Стыдно, что порою беззаботно
Жил и не крестил перстами лоб.
Жаль мне стариков, детей, животных…
Всех, кто беззащитен, слаб и добр.
Прозреваю от печальной боли:
Вместо сердца – теплая зола.
Купол золотой блестит над полем,
И поют во ржи колокола.
Встанут храмы – оживет Россия,
Дети запоют, как соловьи.
Наша жизнь – не в злобе и не в силе,
А в смиренной вере и любви.
Нам остались домашние клички.
Нет имен. Не встречаем гостей…
Мы как две обгоревшие спички.
Наша жизнь – крематорий страстей.
Как зола, остывают привычки.
Дремлют нервы, свернувшись в клубок.
Мы как две обгоревшие спички.
Наша спальня – пустой коробок.
Долго слышатся отзвуки грома.
Над болотами – редкий туман.
Горький запах цветущих черемух,
И любви мимолетный дурман.
После всех подойду к аналою,
Помолюсь и закрою глаза.
Помню всех, кто порхал над землею,
А потом улетел в небеса.
И свет небесный наполняет храм,
Когда в молитве преклоню колени.
Дай, Господи, здоровья всем врагам
Моим, а мне – покоя и терпенья.
И душу исцели мою, и плоть,
И подари мне мудрое смиренье.
И долготою дней моих, Господь,
Тебя прославлю, обретя спасенье.
На колени стал. Святая Дева —
Предо мною. Храм похож на рай.
Справа – Серафим Саровский. Слева —
Светлый Чудотворец Николай.
Свет и счастье… Как во время оно,
Прихожане все – моя родня.
И святые лики на иконах,
Словно предки, смотрят на меня.
Белая церковка в березняке —
Белая птица на белой руке.
Льется, смиренной молитвой согрет,
С белого купола ангельский свет.
Словно лампаду, Господь, не гаси
Белую жизнь в православной Руси.
В белые теплые майские дни
Белую птицу мою не спугни.
Замолчал коростель, захлебнувшись тоской.

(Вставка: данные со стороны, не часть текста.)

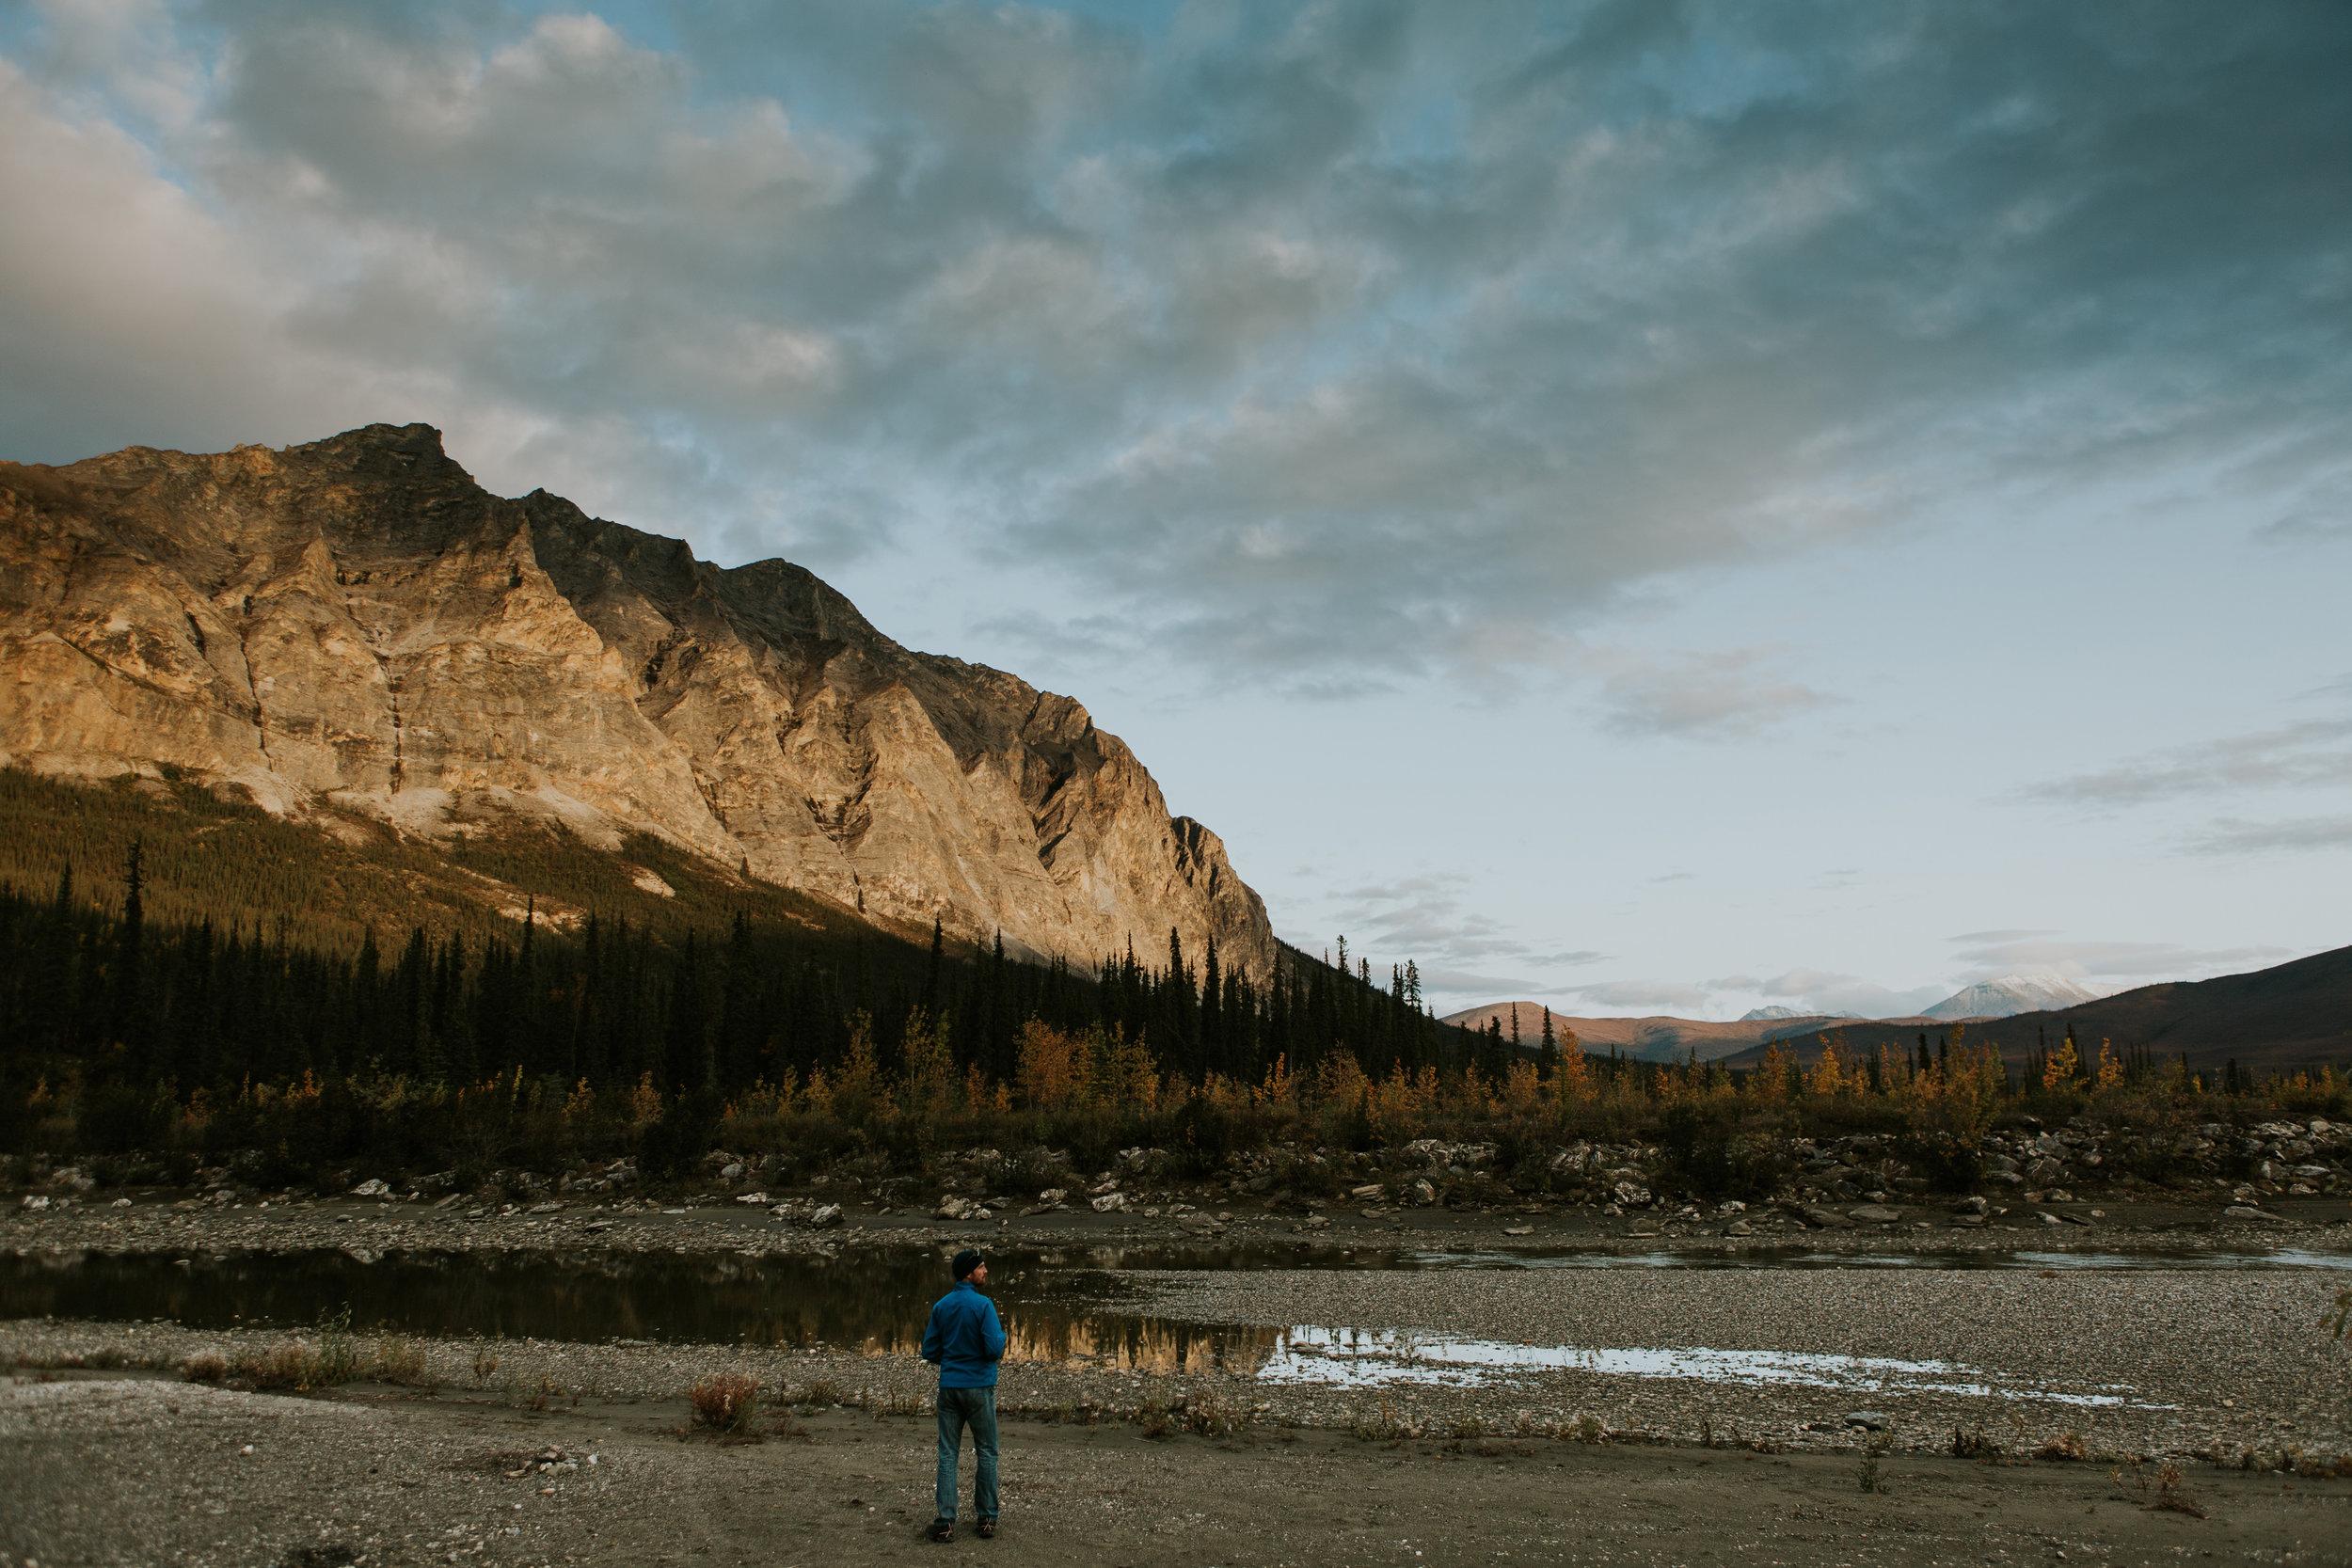 CindyGiovagnoli_Alaska_KoyukukRiver_SukakpakMountain_JimRiver_ArcticCircle_fly_fishing_September-009.jpg

Отцвели васильки в борозде.
Ты мелькнула, как ветер, над сонной рекой,
Отразившись зрачками в воде.
В омутах предрассветных тонула звезда,
Где я плыл на баркасе один.
И смотрела твоими глазами вода
На меня из бездонных глубин.
Лохматый август к дому подойдет,
Рассыплет птичью стаю у окна.
И яблоком созревшим упадет
На грядку краснобокая луна.
И тихо обнажится дно реки.
Светло и зябко станет на душе.
И ранний холод обожжет виски.
И не вернется женщина уже.
Горячие холмики. Сосны.
И свет с высоты
Струится, нездешний,
таинственный, вечный.
Надгробья безмолвны.
И звезды молчат, и кресты.
И белые козы по кладбищу
бродят беспечно.
Преддверье покоя.
И рая преддверье. Сюда
Приходят, отбуйствовав
и отбродяжив, смиренно.
И здесь остаются —
находят приют навсегда.
Незыблемый мир.
Вдалеке от оград перемены.
Горит земляника.
И ящерки юрко скользят
По серым надгробьям.
Природа и жизнь изначальны.
Шагнешь и… замрешь.
Остановит задумчивый взгляд:
Ты сам на себя
с фотографии смотришь печально.
Трава зашуршит —
запоет колыбельную мать.
И ангельский ветер
погладит незримой рукою.
Зачем суетиться,
собратьев локтями толкать?!
Всем хватит под соснами
вечности, счастья, покоя…
Я люблю весенний шум сосны
И апрельский голос певчей птицы.
Помолюсь за сирых и больных,
За которых некому молиться.
Кружатся над храмом журавли,
И пылится сельская дорога.
К падшим состраданья и любви
Попрошу молитвою у Бога.
Завернется вечер в звездный плед,
И туман повиснет над рекою.
Кто-нибудь помолится мне вслед,
Пожелав смиренья и покоя.
Любите врагов своих, сокрушайте врагов Отечества, гнушайтесь врагами Божиими.
Св. Филарет Московский
Православный… Без жертвенных пугал.
Не суннит, не буддист, не хасид.
Загоняйте меня в тихий угол,
Но лишь в тот, где икона висит.
Если вы не пытались рабами
Сделать нас, почитающих Русь,
Я не стану рвать глотки зубами,
А смиренно за вас помолюсь.
И густ, и сладок воздух дачный,
Клубится облаком весна.
Холодная вода прозрачна,
А теплая вода мутна.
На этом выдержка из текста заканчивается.